• Information provided:
————————

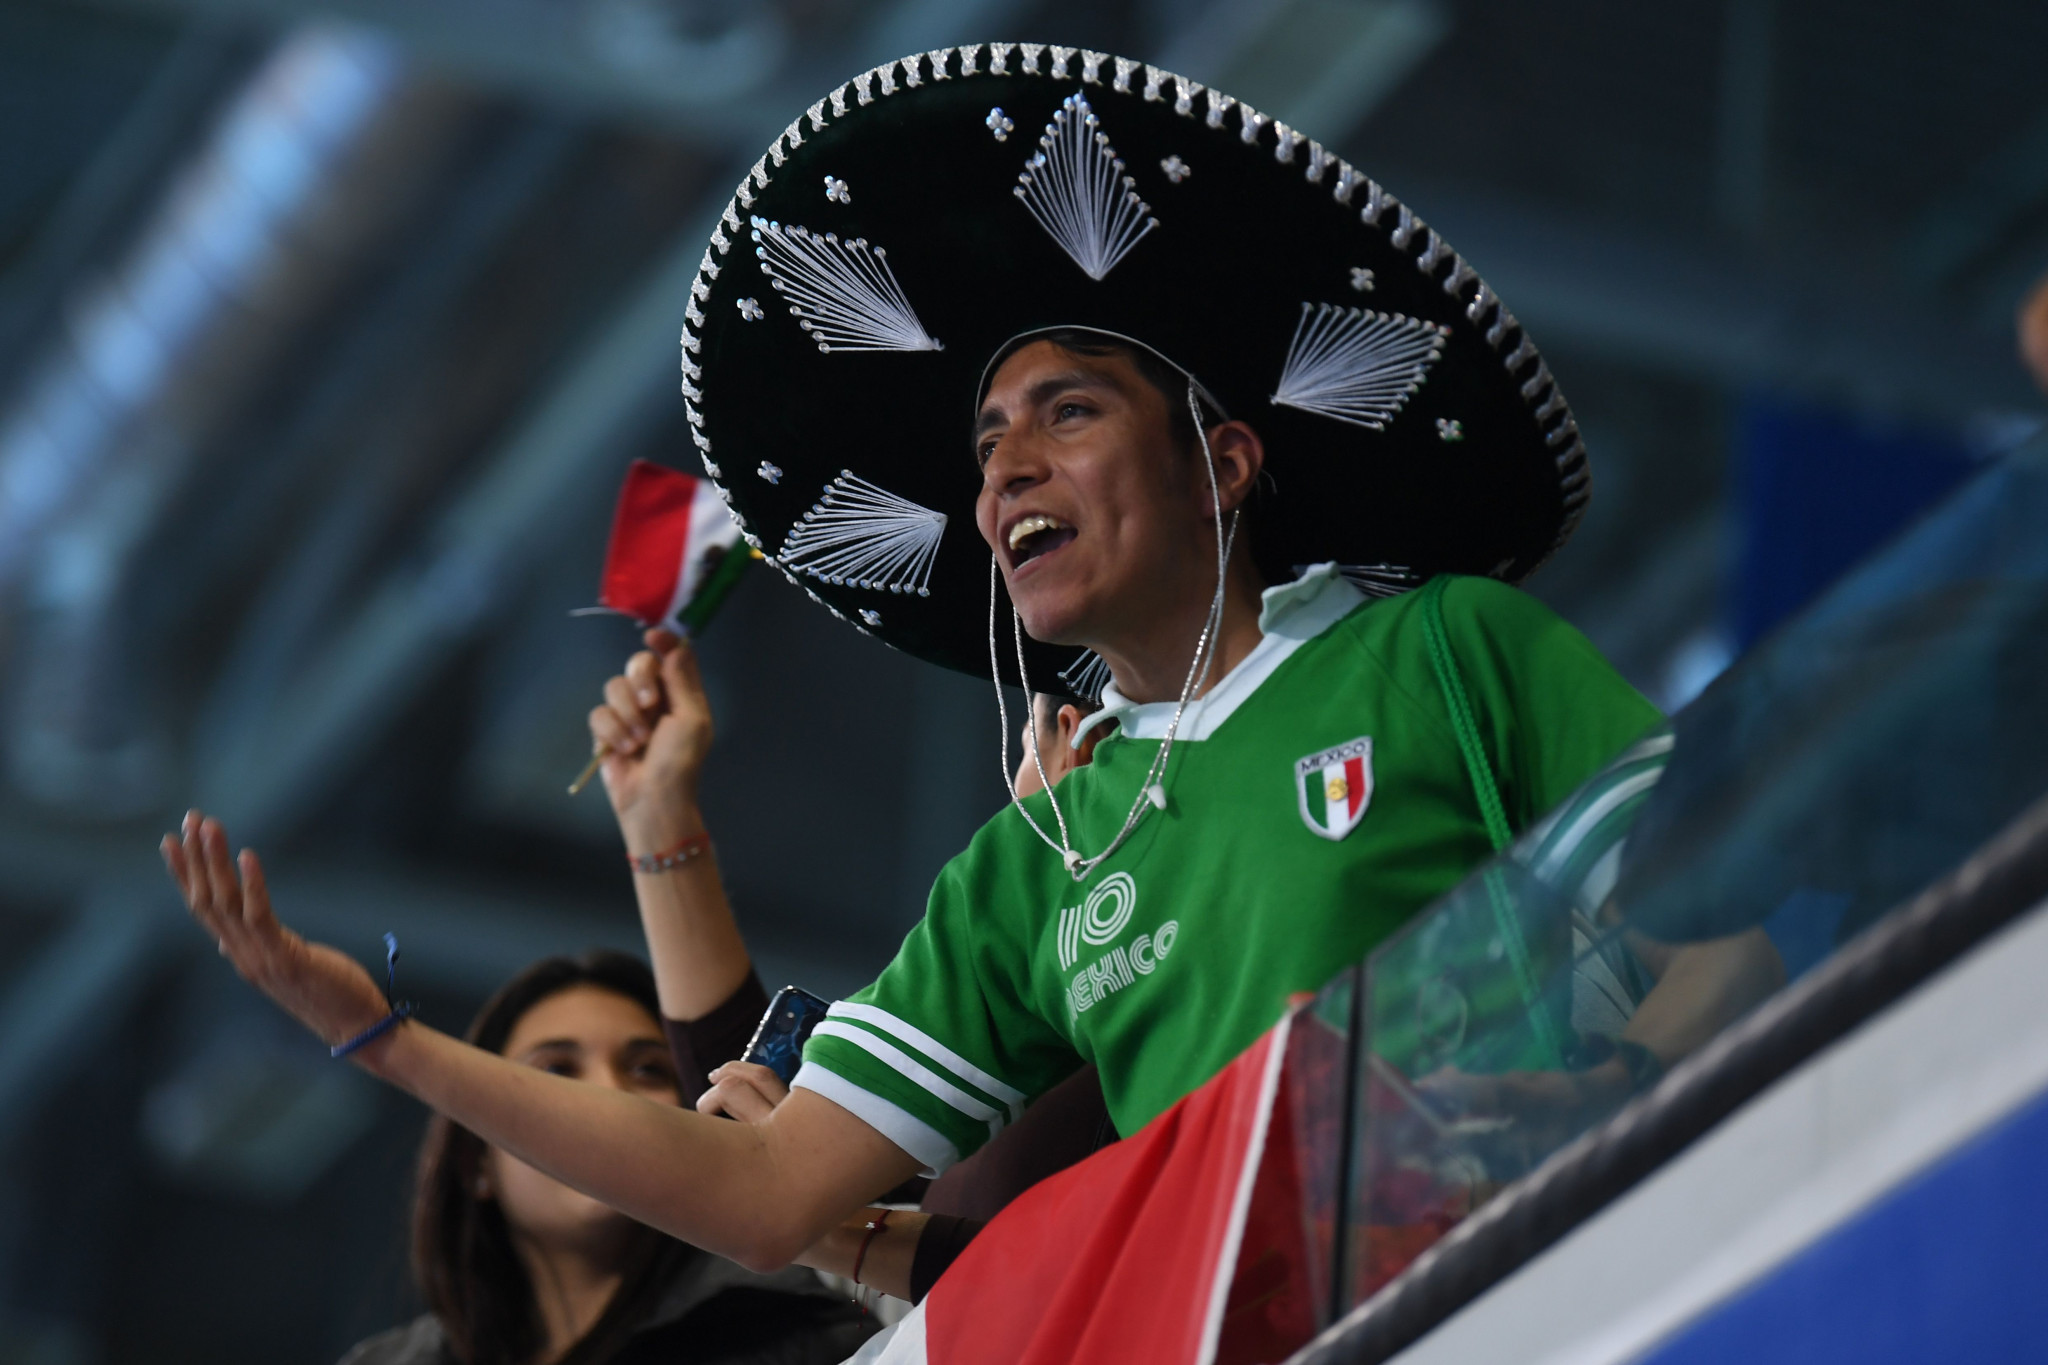 Mexican fans were among those in attendance at the diving ©Getty Images
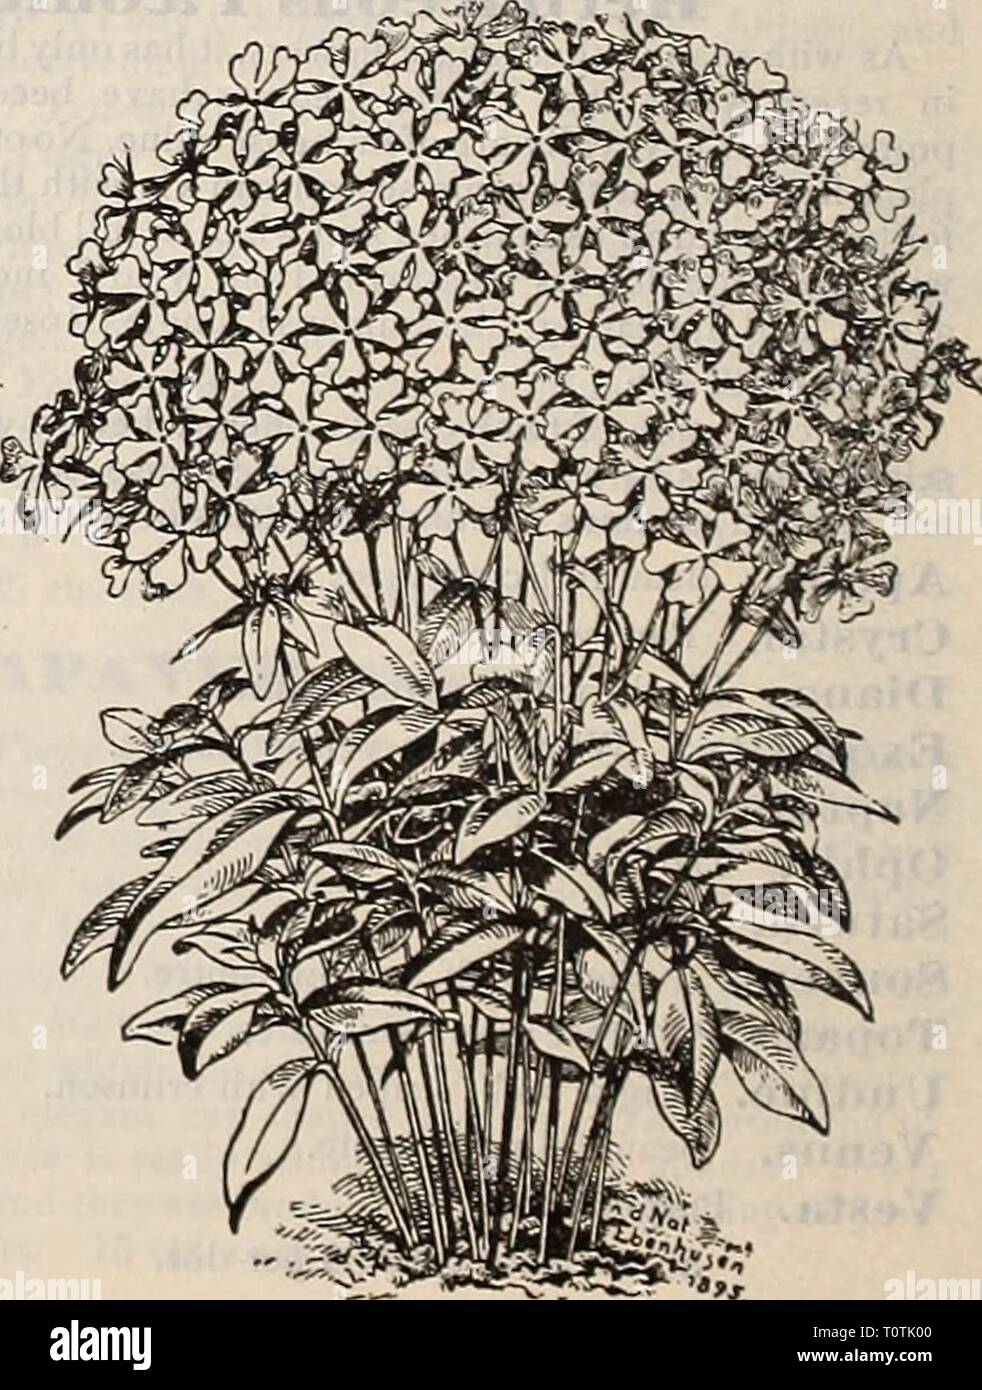 Dreer's 1901 garden calendar (1901) Dreer's 1901 garden calendar  dreers1901garden1901henr Year: 1901  Phlox Subulata Divaricata Canadensis. One of our native varieties that is but rarely met with, and a plant that is certain to meet with much favor when better known, as nothing can produce such a cheerful corner in the garden in the very early sprin&lt;j; frequently beginning to bloom early in April, it con- tinues until about the middle of June, with large bright lilac-colored flowers, which are produced on stems about 10 inches high, in large showy heads, and are very fragrant. (See cut.) 1 Stock Photo
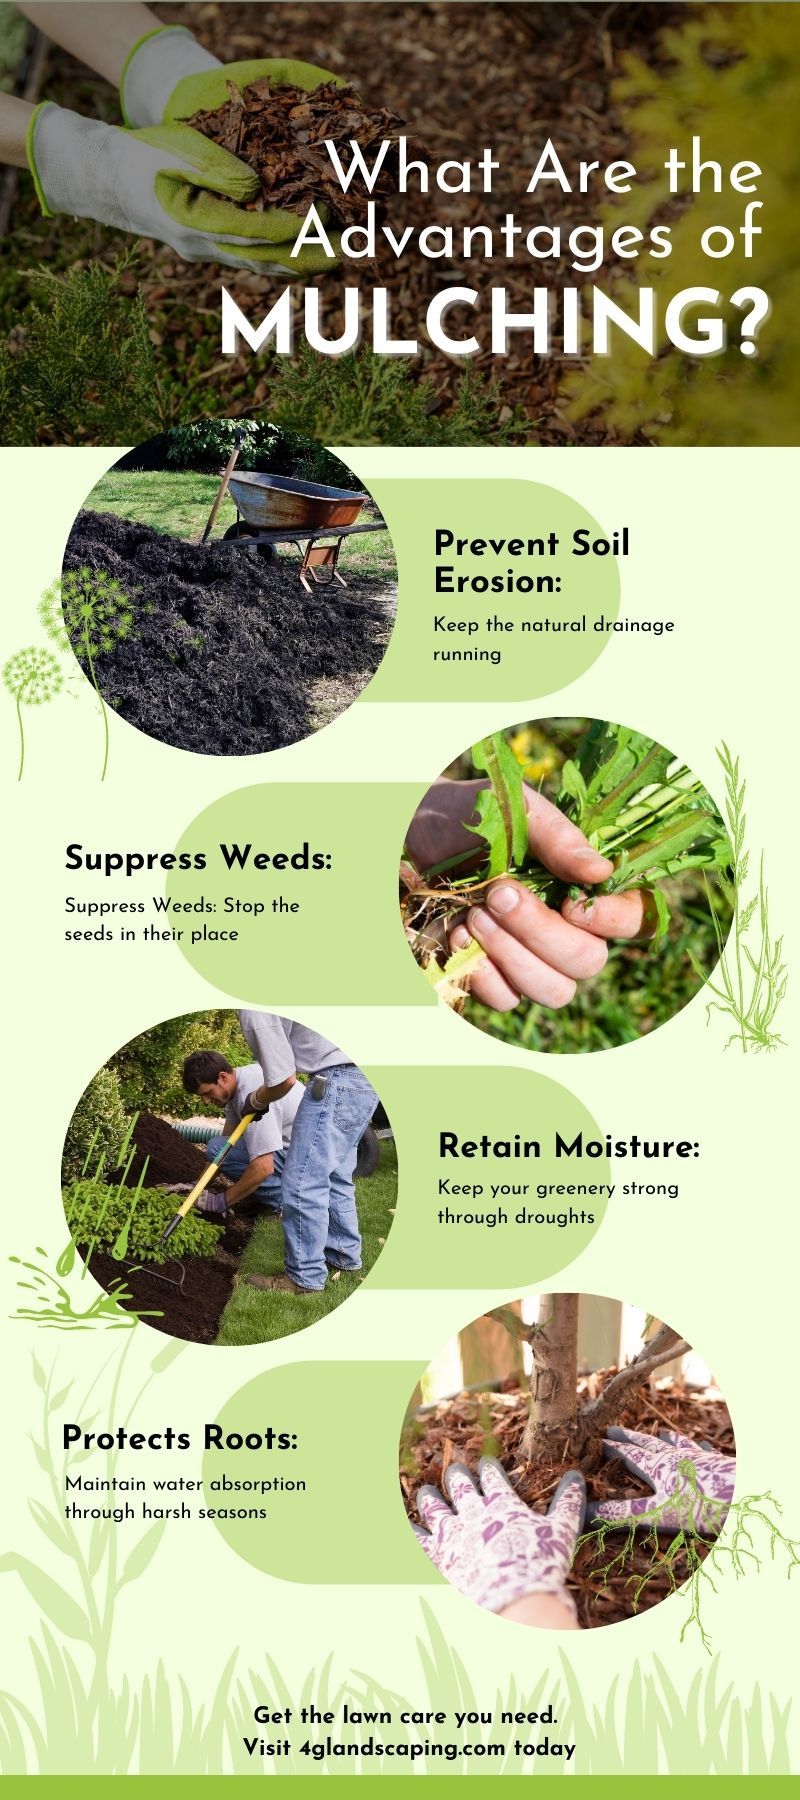 What Are the Advantages of Mulching.jpg

————————

• Task: Retype all the data exactly. Omit pictures.

• Reply:
 Mexican fans were among those in attendance at the diving ©Getty Images
 Dreer's 1901 garden calendar (1901) Dreer's 1901 garden calendar  dreers1901garden1901henr Year: 1901  Phlox Subulata Divaricata Canadensis. One of our native varieties that is but rarely met with, and a plant that is certain to meet with much favor when better known, as nothing can produce such a cheerful corner in the garden in the very early sprin&lt;j; frequently beginning to bloom early in April, it con- tinues until about the middle of June, with large bright lilac-colored flowers, which are produced on stems about 10 inches high, in large showy heads, and are very fragrant. (See cut.) 1 Stock Photo
 What Are the Advantages of Mulching.jpg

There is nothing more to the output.